Football fan Vergne had earlier celebrated France's 4-2 victory over Croatia, having wrapped up the drivers' title on Saturday with a fighting fifth place finish from the back of the grid.
But a little of the gloss was taken off his victory as his Techeetah team lost out to Audi Sport in the teams' championship in a nailbiting conclusion.
Techeetah's cause was not helped by a 10-second stop go penalty for Andre Lotterer for jumping the start, leaving him down the field after starting from second on the grid.
It left Audi Sport in control with Lucas di Grassi and Daniel Abt eventually taking second and third to complete the podium.

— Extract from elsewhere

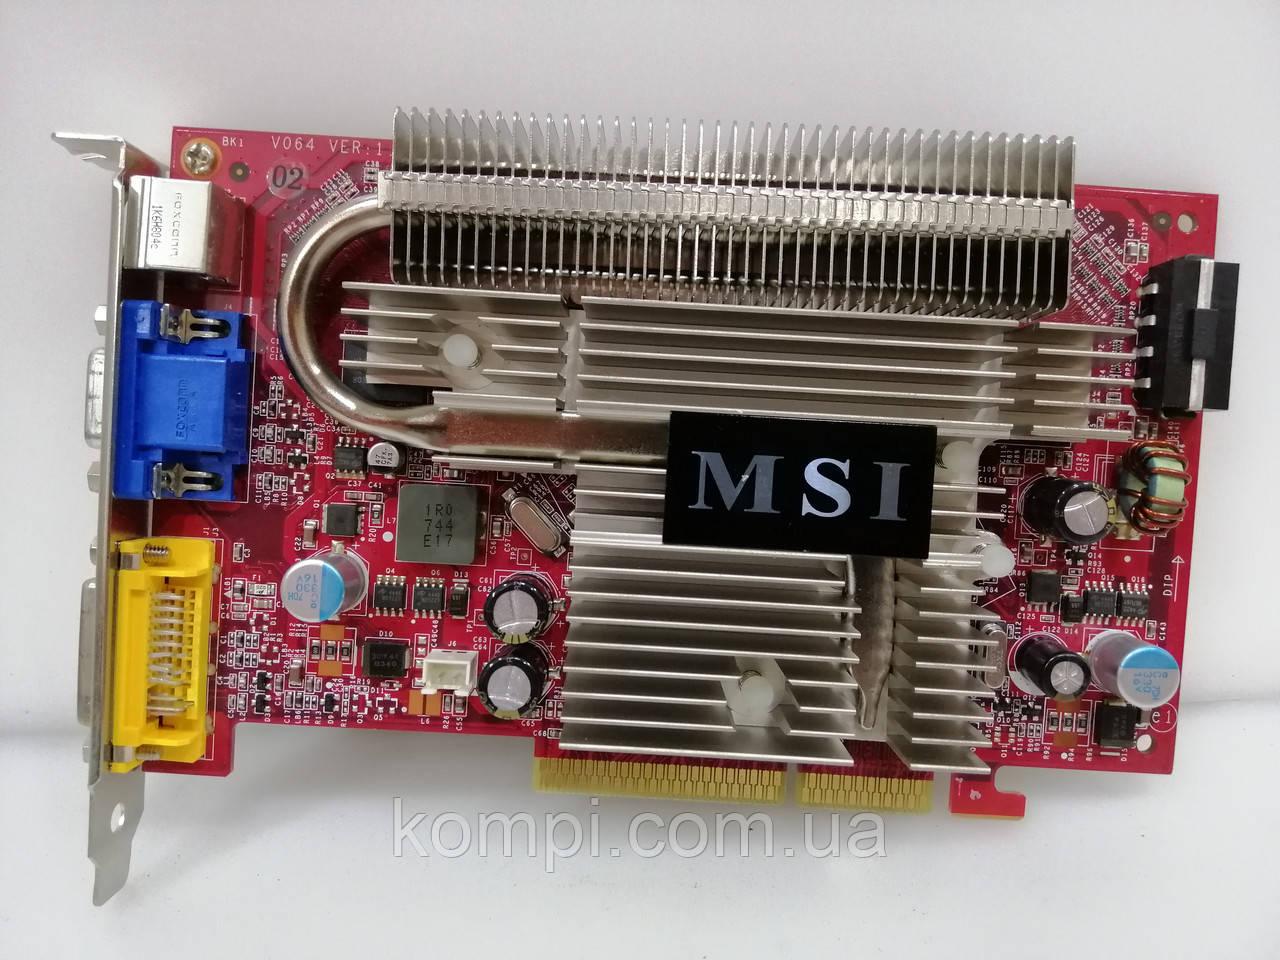 Видеокарта NVIDIA 7600GS 512MB  AGP

Lotterer bravely made up ground to finish ninth, but Audi Sport was clear by two points, having started the weekend double-header trailing Techeetah by 31 points.
"After our one-two yesterday I know we were in with a fighting chance," said Audi Sport team manager Allan McNish.

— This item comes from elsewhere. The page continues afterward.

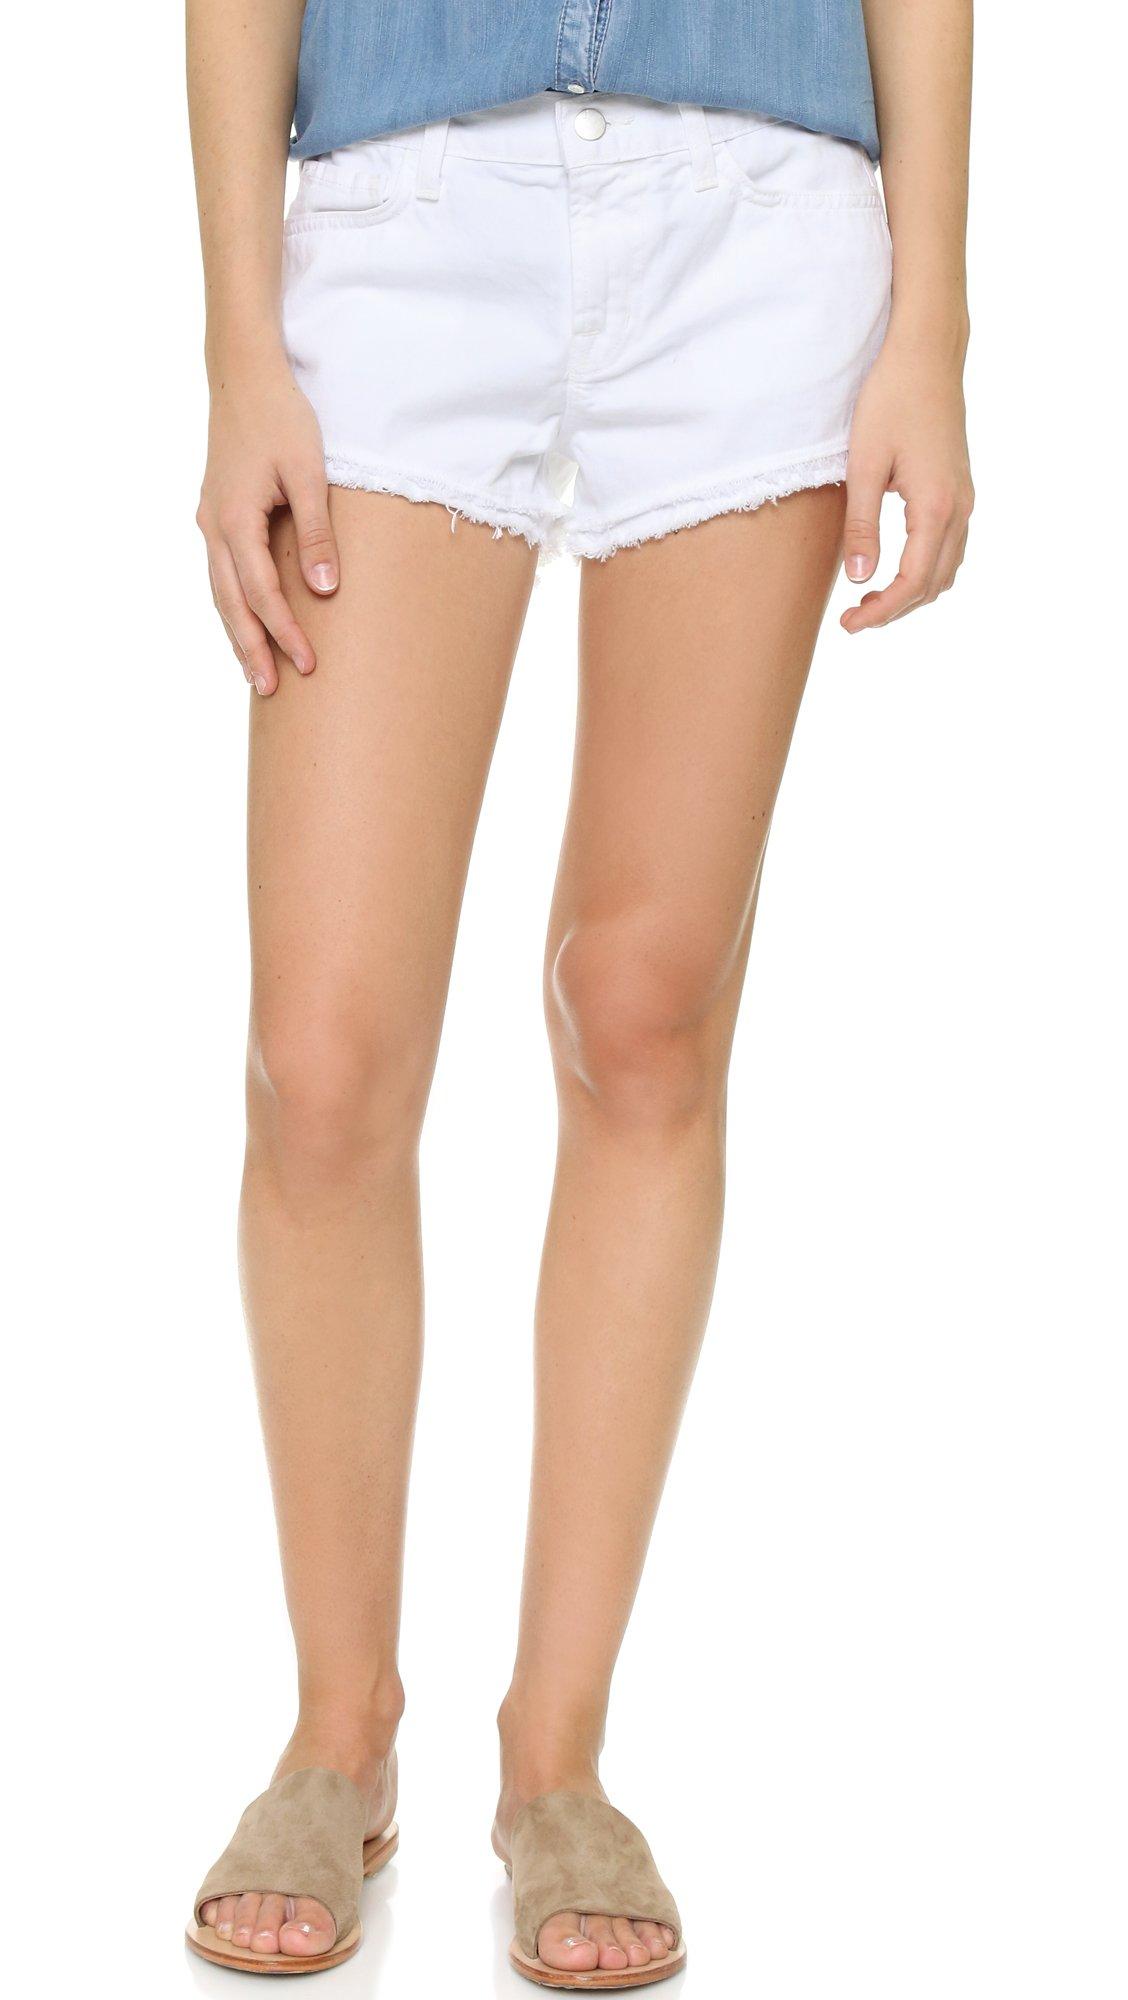 J Brand Women's Sachi Cut Off Shorts, White, 27

Abt, so disappointed to concede first place to teammate di Grassi in Saturday's race, held off another former champion, polesitter Sebastien Buemi, to retain third place and ensure Audi Sport kept Techeetah at bay.
He also picked up a crucial extra point for fastest lap.
"We had a tough start to the season so to end the weekend on a high like this is something everyone can be proud of," added the German.
Vergne, who has been an ever-present in the four seasons since Formula E started, made a lightening start from third on the grid and swept past Buemi early to take the lead he never relinquished.
He came under intense pressure from deposed champion di Grassi in the closing stages, but was not to be denied his victory.
"I am disappointed for the team we did not finish as champion, but it's been an amazing season and to cap it with a win is the best way to end a perfect season," he said.
Di Grassi had the added bonus of leapfrogging Britain's Sam Bird, who finished 10th, to claim second in the championship standings.
It was the last race for the current crop of Formula E cars, with the Gen2 car being introduced for the 2018-19 season, leading to higher speeds and no mid-race car swaps because of better energy storage capacity.